On the morning a sheriff was scheduled to remove Vela and her three children from their apartment, Vela’s lawyer, Molly McDonnell at Iowa Legal Aid, got a judge to set aside the order. McDonnell discovered that the property Vela lived in was financed by Fannie Mae.
But by then, Vela had already made plans to move into her 21-year-old daughter’s one-bedroom apartment. She’d thrown away much of her furniture and many of the children’s toys.
“That’s all I have and work hard for,” Vela said.
Crestwood Townhome, Vela’s landlord, didn’t respond to multiple requests for comment.
Meanwhile, Kwartler and a team of students recently analyzed all of the evictions in Harris County, Texas, where Houston is located, during the period in which the CARES Act moratorium was in effect, from March 27 to July 24. They found that nearly a quarter of the filed evictions should have been barred by the CARES Act. That amounted to more than 1,000 illegal evictions in that one county alone.
“I guarantee you it’s happening across the country,” Kwartler said.
Indeed, in a June survey by the National Housing Law Project, more than 90% of legal aid and civil rights attorneys said they’ve seen illegal evictions in their area. Data provided to CNBC by Iowa Legal Aid shows that during one week in July in Polk County, where Des Moines is located, 40% of the families forced to leave their homes were through evictions that violated either the state or CARES Act moratorium.
“Without compliance and enforcement mechanisms, a law’s purpose may go unrealized,” said Emily Benfer, an eviction expert and visiting professor of law at Wake Forest University. “Congress failed to add a check for compliance with the CARES act.

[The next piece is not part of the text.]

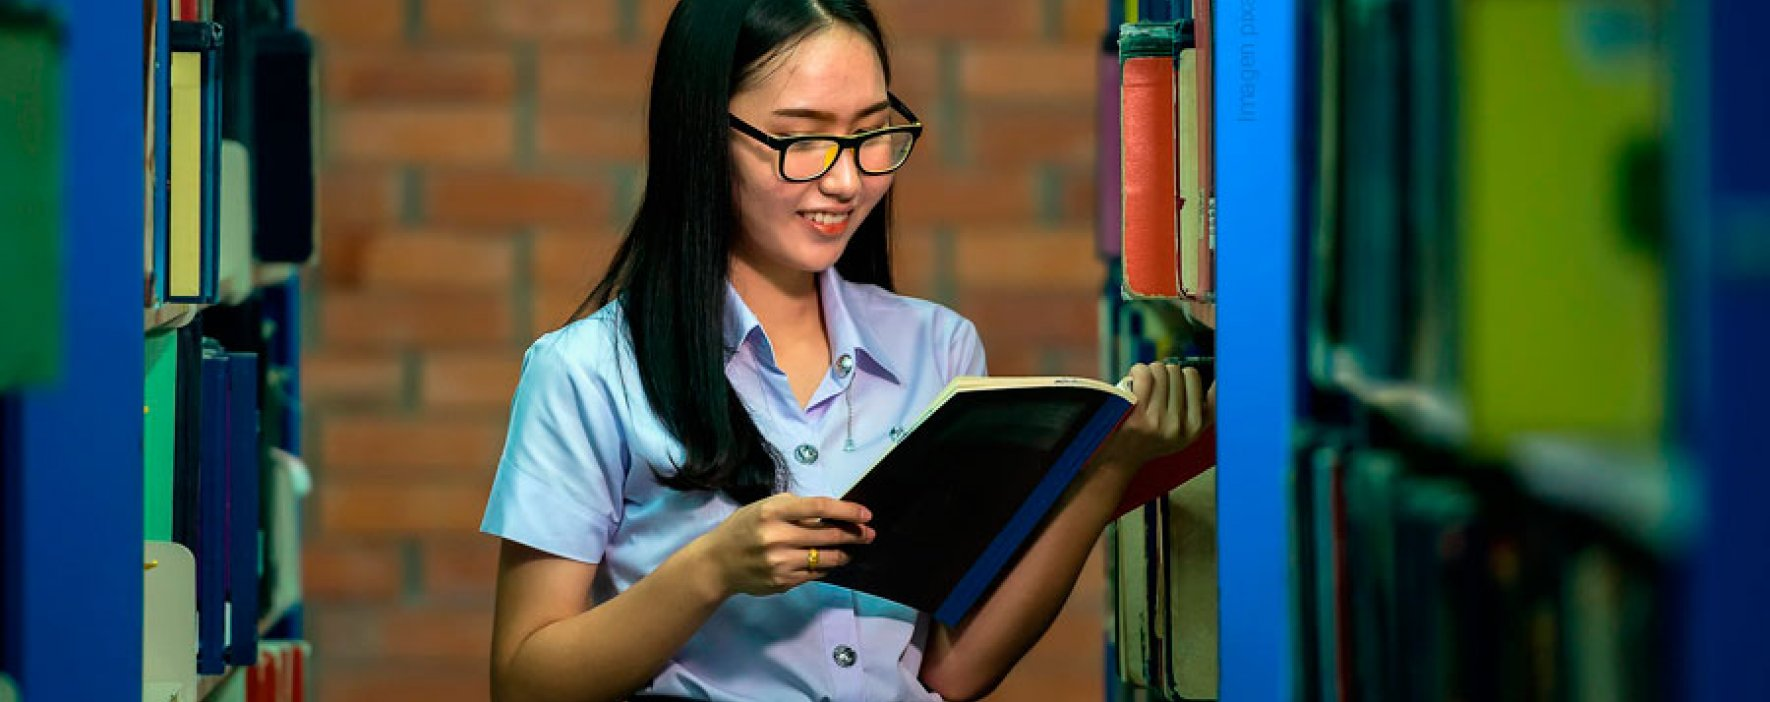 Convocatoria abierta: participe del programa de becas en Malasia
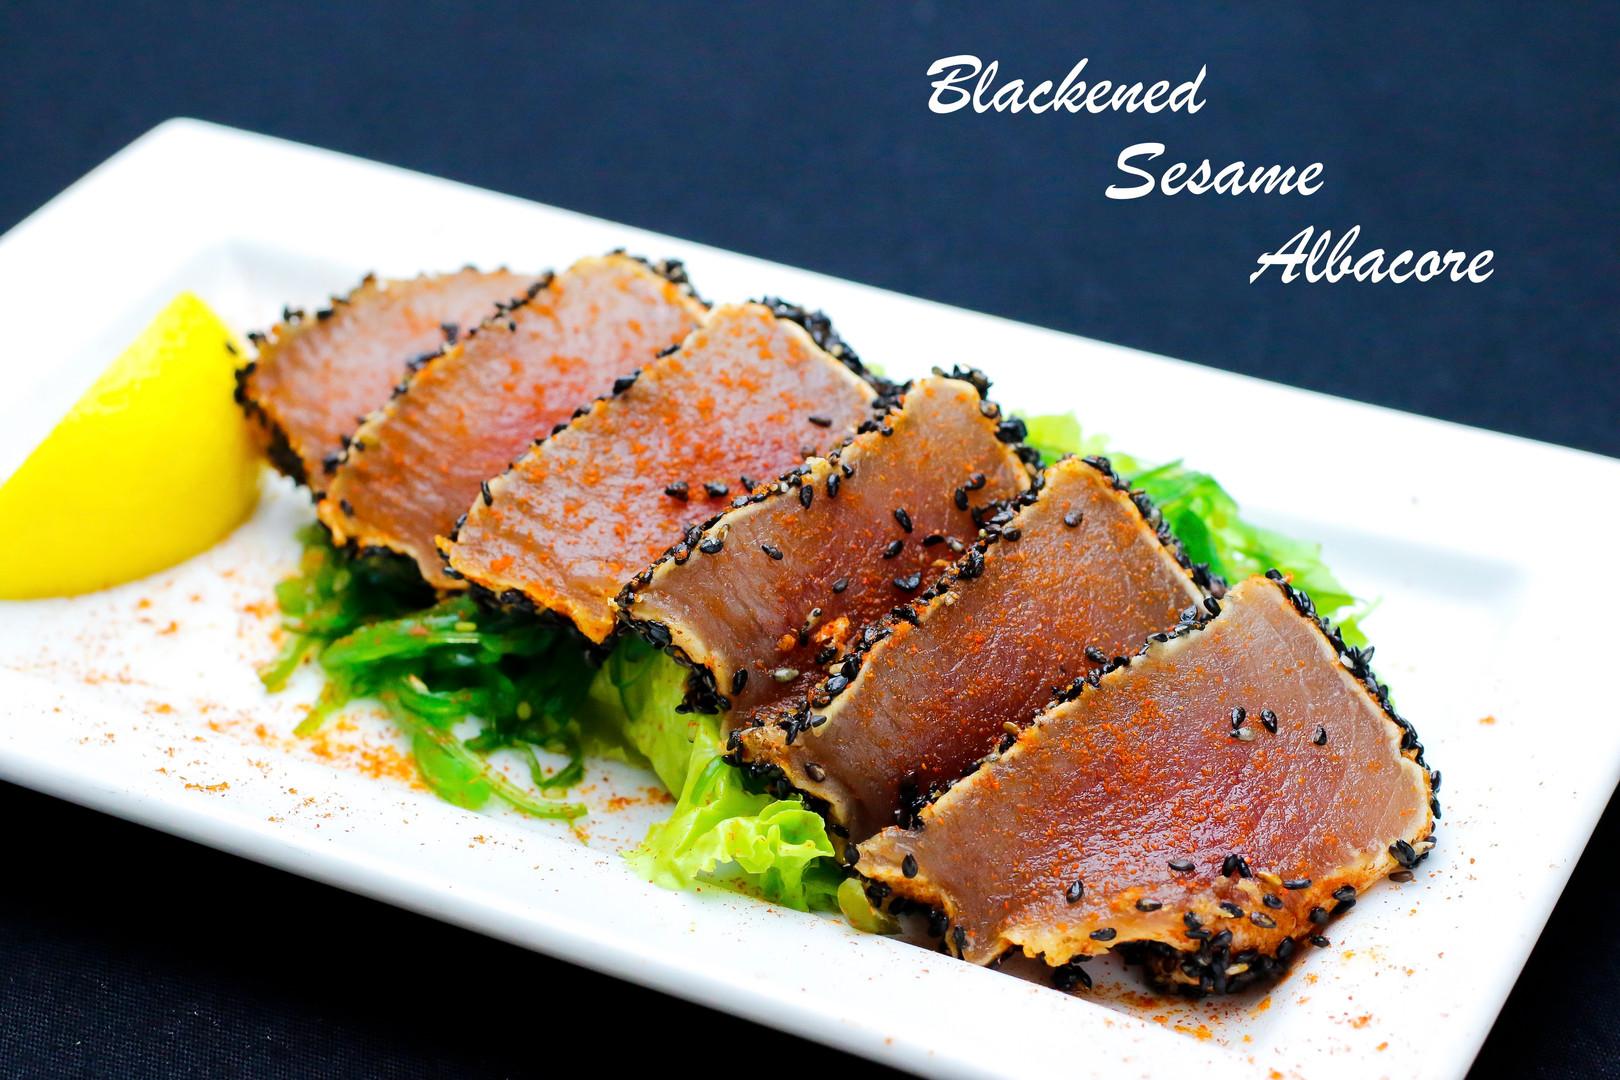 Blackened Sesame Albacore

It fell to the courts.”
That left tenants vulnerable.
Fewer than half of states required landlords to attest that their evictions didn’t violate the CARES Act, Benfer said.
And even some of the states that did, acted late.
For example, the Arizona Supreme Court didn’t require landlords to verify that their eviction was legal until July 7, more than three months after the federal eviction ban went into effect.
“Courts have inconsistent requirements for requiring landlords to disclose whether their property is covered by an eviction moratorium and that has resulted in an unconscionable number of illegal evictions,” said Shamus Roller, executive director of the National Housing Law Project.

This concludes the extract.